Fastly Outage

by pcr0on 6/8/2021, 9:57 AMwith 694 comments

by lpmitchellon 6/8/2021, 10:00 AM

This seems to be impacting a number of huge sites, including the UK government website[0].

[0] https://www.gov.uk/

https://m.media-amazon.com/

https://pages.github.com/

https://www.paypal.com/

https://stackoverflow.com/

https://nytimes.com/

Edit:

Fastly's incident report status page: https://status.fastly.com/incidents/vpk0ssybt3bj

by austinjpon 6/8/2021, 10:18 AM

Yeah so it's been mentioned in the comments already, but to everyone in Fastly right now: I feel for you. Something like this must be insanely stressful, and not just during the outage. There will be (should be) a massive post-mortem. People will be losing sleep over this for days, weeks, months.

:(

Edit: There seems to be a major empathy outage in this thread. Disgusted but not surprised, unfortunately.

by iso1631on 6/8/2021, 10:05 AM

https://easydns.com/blog/2020/07/20/turns-out-half-the-inter...

The whole idea of the internet was a distributed network impervious to most attacks.

The reality is that a single failure can knock out 90% of the services people use.

by mrzoolon 6/8/2021, 10:04 AM

Why is this a link to the Fastly homepage, where absolutely no information is provided?

This is the page that should be linked:

https://status.fastly.com

by baroslon 6/8/2021, 10:04 AM

I didn't know so many sites were depending on Fastly. Stack Overflow, GitHub, reddit, .... Even pip is unavailable. My development workflow is completely janked up.
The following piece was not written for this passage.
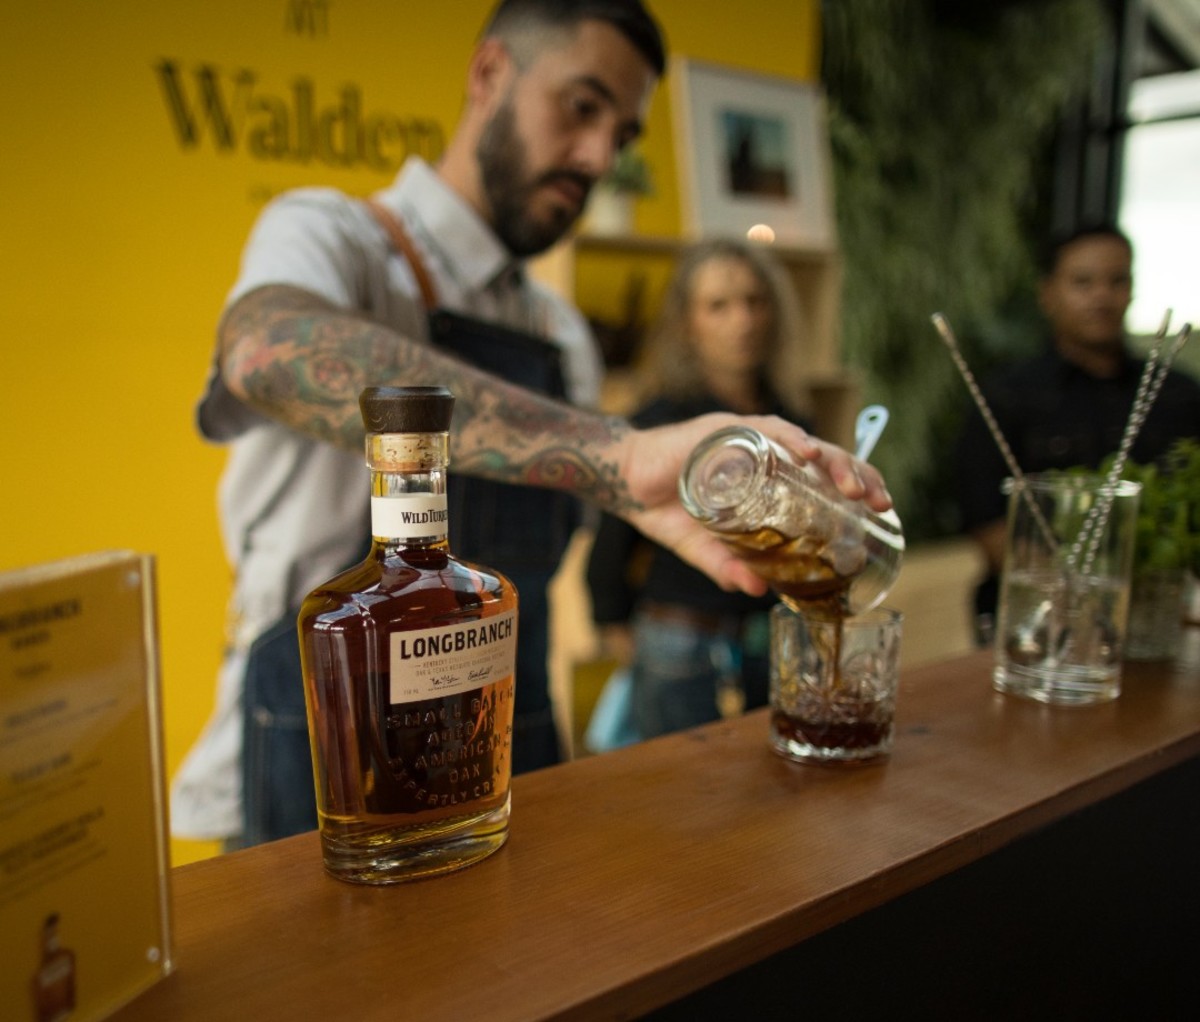 Bartender with tattooed arm pouring cocktail into glass with bottle of Longbranch whiskey on bar

It is a bit scary that we are putting too many eggs in one basket.

by csmattryderon 6/8/2021, 10:00 AM

Here's the status page incident for this.

https://status.fastly.com/incidents/vpk0ssybt3bj

by optiomal_isgoodon 6/8/2021, 10:23 AM

Amazon.com was completely broken here (Europe) and they're back, I was observing from where the assets were loaded from and they switched from EU to NA as a failover. Homework well done.

by creamyhorroron 6/8/2021, 10:00 AM

basically the internet is down

reddit, stackoverflow, github, paypal, pypi, twitter, twitch, NYT, CNN, BBC, the Guardian...

edit: wow, even Amazon.com relies on Fastly for some of its edge caches!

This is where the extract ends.